Grant Comes East: A Novel of the Civil War (2004) is an alternate history novel written by Newt Gingrich, former Speaker of the United States House of Representatives; William R. Forstchen, and Albert S. Hanser, and the second of a trilogy. It is the sequel to Gettysburg: A Novel of the Civil War. The third book of the historical trilogy is called Never Call Retreat: Lee and Grant: The Final Victory and was published in 2005. The novel is illustrated with historic photographs of the Civil War. It was featured on the New York Times bestseller list.

Plot summary
The novel begins at Union Mills, Maryland. The battle that began at Gettysburg ended on July 4, 1863 (at the same time as the fall of Vicksburg) with a decisive but costly Confederate victory. General Robert E. Lee and his troops march on Washington, D.C., and launch an assault, hoping that if they can take the capital they can win the war.
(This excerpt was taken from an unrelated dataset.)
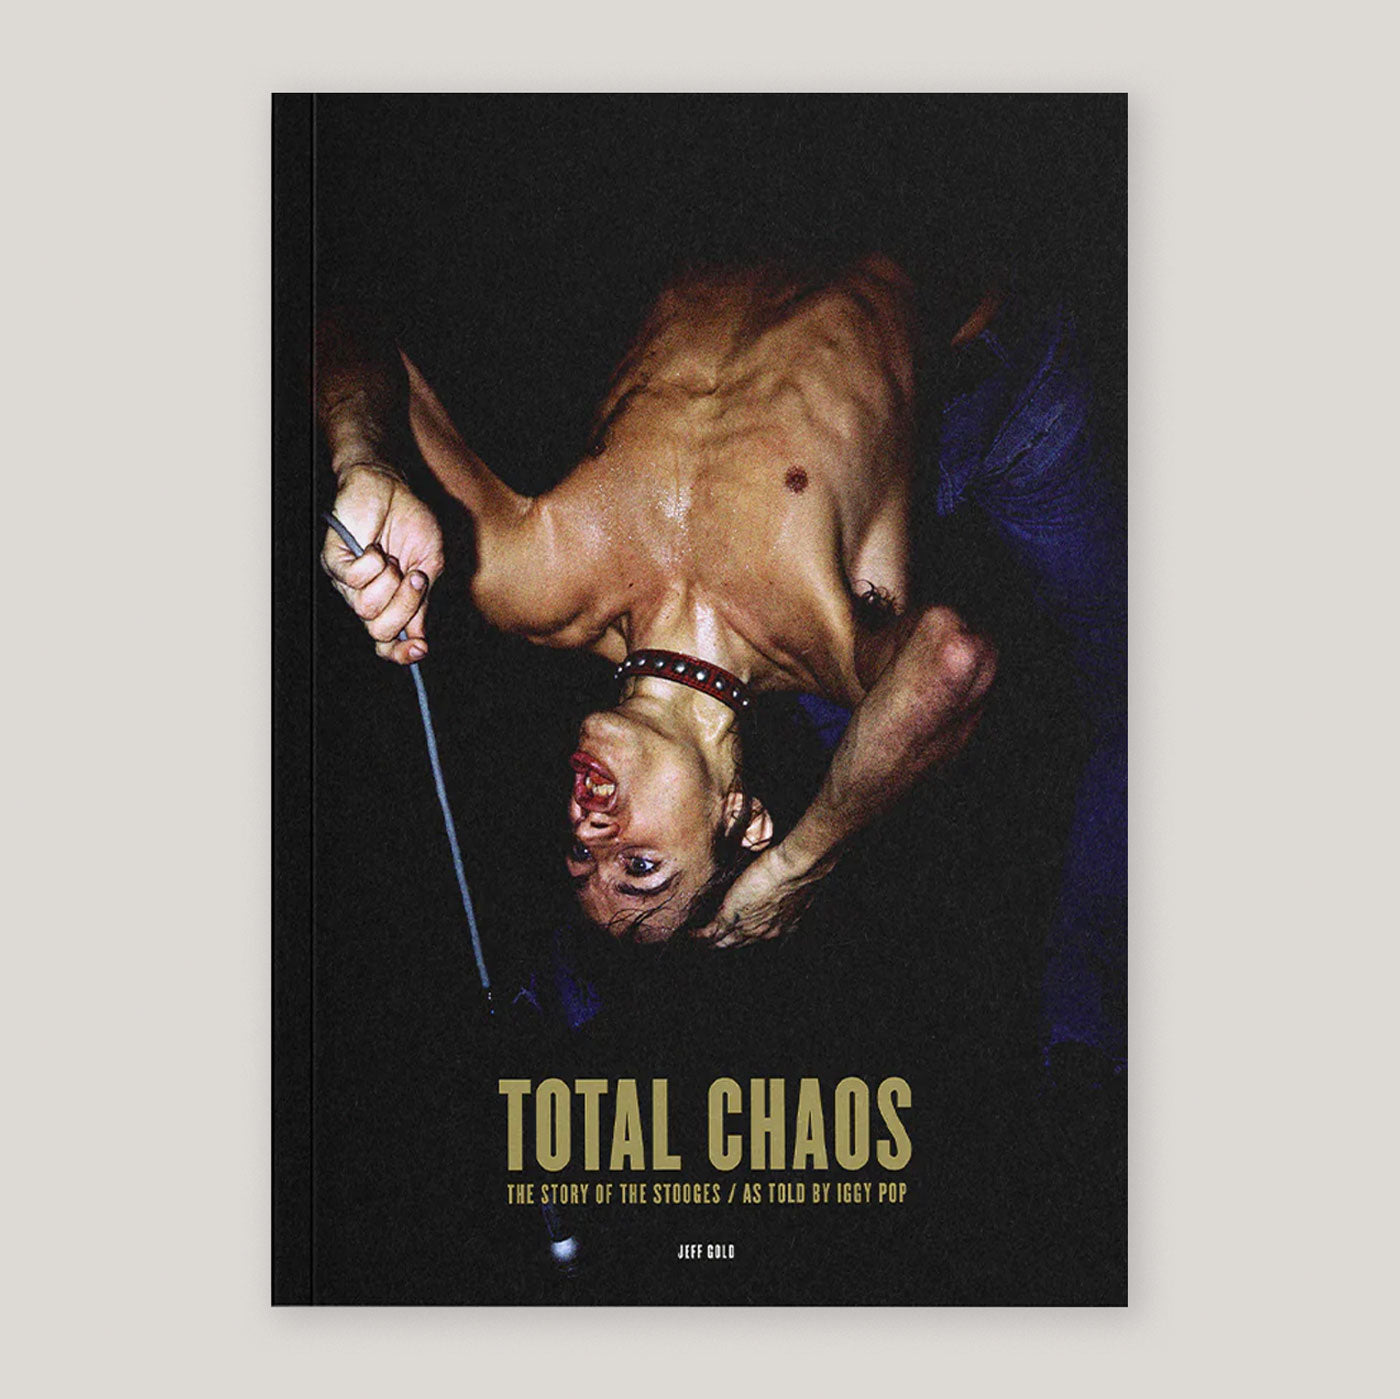 Total Chaos: The Story of the Stooges: The Story of the Stooges As Told by Iggy Pop | Jeff Gold | Colours May Vary

Meanwhile, President Abraham Lincoln has appointed Major General Ulysses S. Grant, the victor of Vicksburg, as commander of all Union forces and ordered him to attack Lee. Grant masses his forces (the newly minted Army of the Susquehanna) at Harrisburg, while Maj. Gen. Daniel E. Sickles gains control (through his violent pacification of the New York Draft Riots) of the Army of the Potomac.

Sickles has his eye on the White House, but he needs to defeat Lee in order to win the Civil War for the War Democrats. Violating orders from Grant, he rolls his troops out to meet Lee's army alone. A sidebar shows Napoleon III planning to have France invade the United States through its client state, the Second Mexican Empire.

Bloodily repulsed at Fort Stevens outside Washington (where the black troops of the 54th Massachusetts Infantry regiment played a decisive role), Lee turns on Baltimore. Abandoned by the Union, Baltimore descends into chaos; Lee, sickened by the violence, orders the provost guard in force to end it. Using Baltimore to threaten Washington, D.C., Lee turns his entire army upon the advancing Sickles, facing off at the former site of Joppa along the Gunpowder River northeast of Baltimore.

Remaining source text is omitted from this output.